A couple of people have referred to the "unwitnessed" reunion of Leontes
and Perdita in The Wiinter's Tale 5.2.  Lots has been written on this
scene and on why this reunion is only reported while Leontes' and
Perdita's reunion with Hermione is presented on stage.  My guess is that
Shakespeare wanted a simpler, clearer climax than he would have had if
both reunions had been presented.

Someone mentioned Pericles-but I think the big contrast is with
Cymbeline, where the final scene includes a long series of revelations
and reunions.  Perhaps in The Winter's Tale, Shakespeare wanted to avoid
the disjointed, roller-coaster feeling (not that he'd have called it
that) the end of Cymbeline gives a lot of people.  And perhaps he wanted
to focus on the mother-daughter (rather than the father-daughter)
reunion, thus further "feminizing" the play, and on the older generation
(Leontes and Hermione), thus contributing to what many have found to be
the "autumnal" feel of the last scene.

Pervez Rizvi  writes that, at the climactic moment and in contrast to
Marina at a similar moment in Pericles, "Perdita is not given a single
line."  I guess that's true.  But Perdita speaks through her actions.
Paulina tells Perdita to "kneel, / And pray your mother's blessing," the
gesture of kneeling being the standard gesture for a child requesting a
parent's blessing.  For me, the climactic moment in the scene is
Hermione's blessing of Perdita, and if it is done in standard early
modern English fashion, the blessing will be very memorable and
impressive.  Perdita will kneel while Hermione places her hands on her
daughter's head and calls upon the gods ("You gods, look down / And from
your sacred vials pour your graces / Upon my daughter's head!").   In
other words, though she doesn't say anything, Perdita is very much
present at this point in the play.

Hermione goes on to ask Perdita questions ("Tell me, mine own, / Where
hast thou been preserv'd? where liv'd? how  found / Thy father's
court?"), though-oddly-she doesn't wait for her to answer, but
immediately adds, "for thou shalt hear that I, / Knowing by Paulina that
the oracle / Gave hope thou wast in being, have preserv'd / Myself to
see the issue."  I think dramatic economy (to avoid lengthening the end
of the play and repeating details we already know) is the main reason we
never hear Perdita's answers.  This and other gaps we're left with are
covered more or less adequately by Leontes' lines inviting a more
leisurely discussion off stage ("Good Paulina, / Lead us from hence,
where we may leisurely / Each one demand, and answer to his part /
Perform'd in this wide gap of time").

Though Perdita's lack of words is certainly significant, I'm not sure it
means she's being neglected.  Only three characters speak in this last
part of the last scene-Hermione, Paulina, and Leontes.  Most of the
others are referred to-Perdita, Polixenes, Camiillo-but they don't
speak, even though they are vitally concerned in what happens in the
closing lines (Camillo especially) and indicate feelings or concerns
non-verbally ("What?  look upon my brother," etc.).  There may be all
sorts of reasons for the characters' lack of words; I suspect one is
that having only three characters speak as the play ends brings clarity,
simplicity, economy, and focus, and therefore a stronger sense of
closure and repose than a more complicated ending would have..
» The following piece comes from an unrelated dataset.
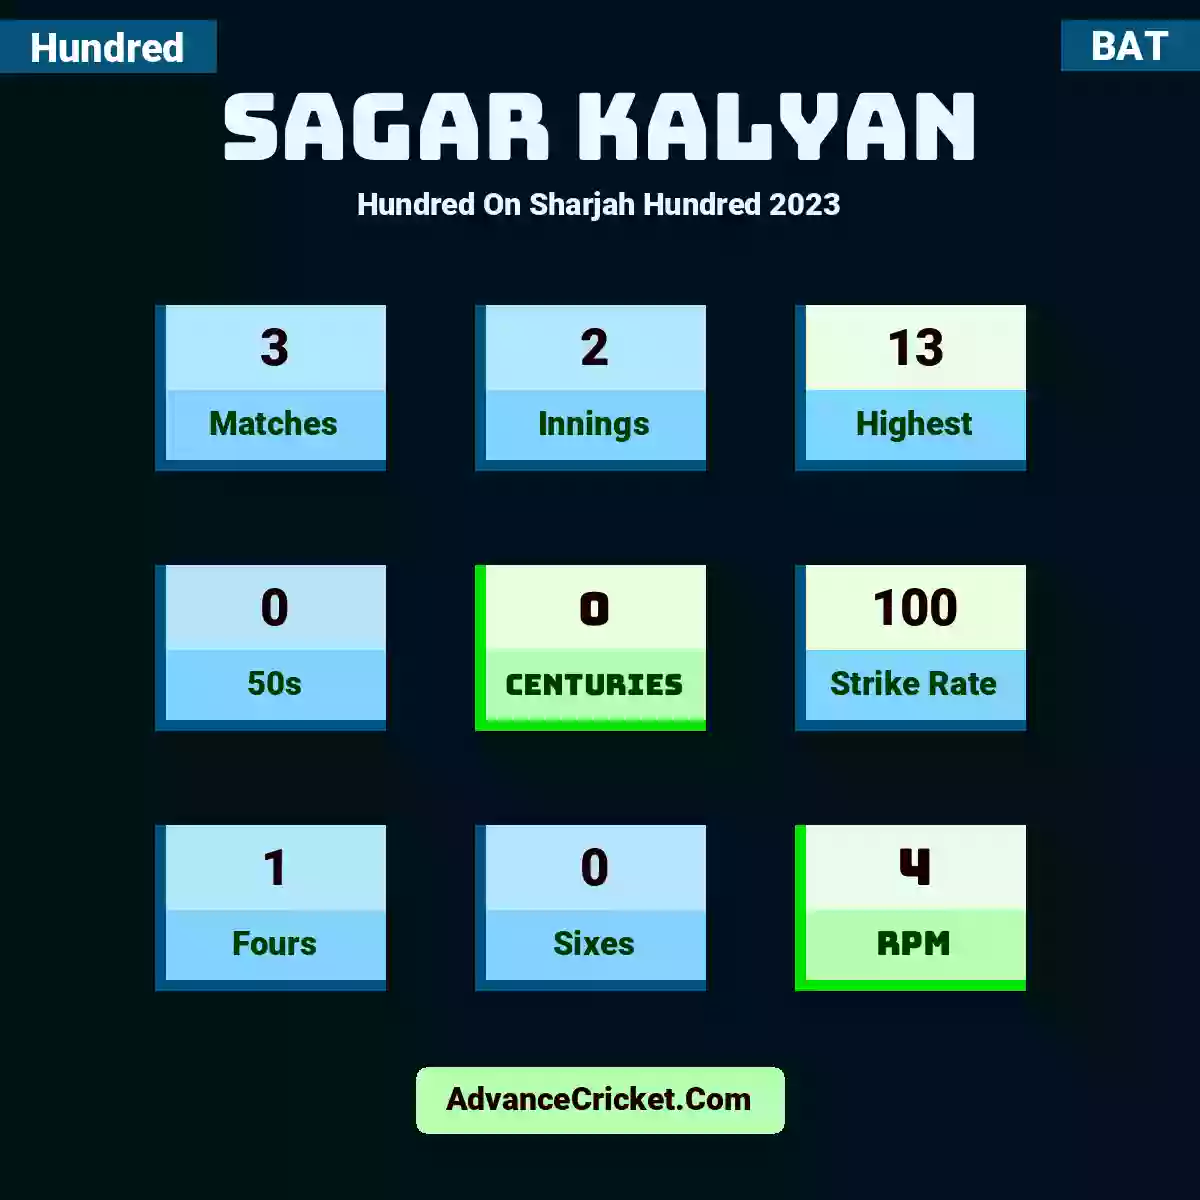 Sagar Kalyan Hundred  On Sharjah Hundred 2023, Sagar Kalyan played 3 matches, scored 13 runs as highest, 0 half-centuries, and 0 centuries, with a strike rate of 100. S.Kalyan hit 1 fours and 0 sixes, with an RPM of 4.

Another reason Perdita doesn't speak in the last part of the
scene-despite the fact that Paulina tells her to "pray [her] mother's
blessing"-may be that she's already said what she needs to earlier in
the scene.   Kneeling before what she thought was a statue  to "implore
[a] blessing", Perdita said, "Lady, / Dear queen, that ended when I but
began, / Give me that hand of yours to kiss"-more or less what she would
have said if she had spoken later in the scene.

By the way, the mother's blessing business is explained in two pieces
I've published-"Parental Blessings in Shakespeare's Plays," Studies in
Philology 89 (1992): 189-210, and "Ritual as an Instrument of Grace" in
True Rites and Maimed Rites, ed. Edward Berry and Linda Woodbridge.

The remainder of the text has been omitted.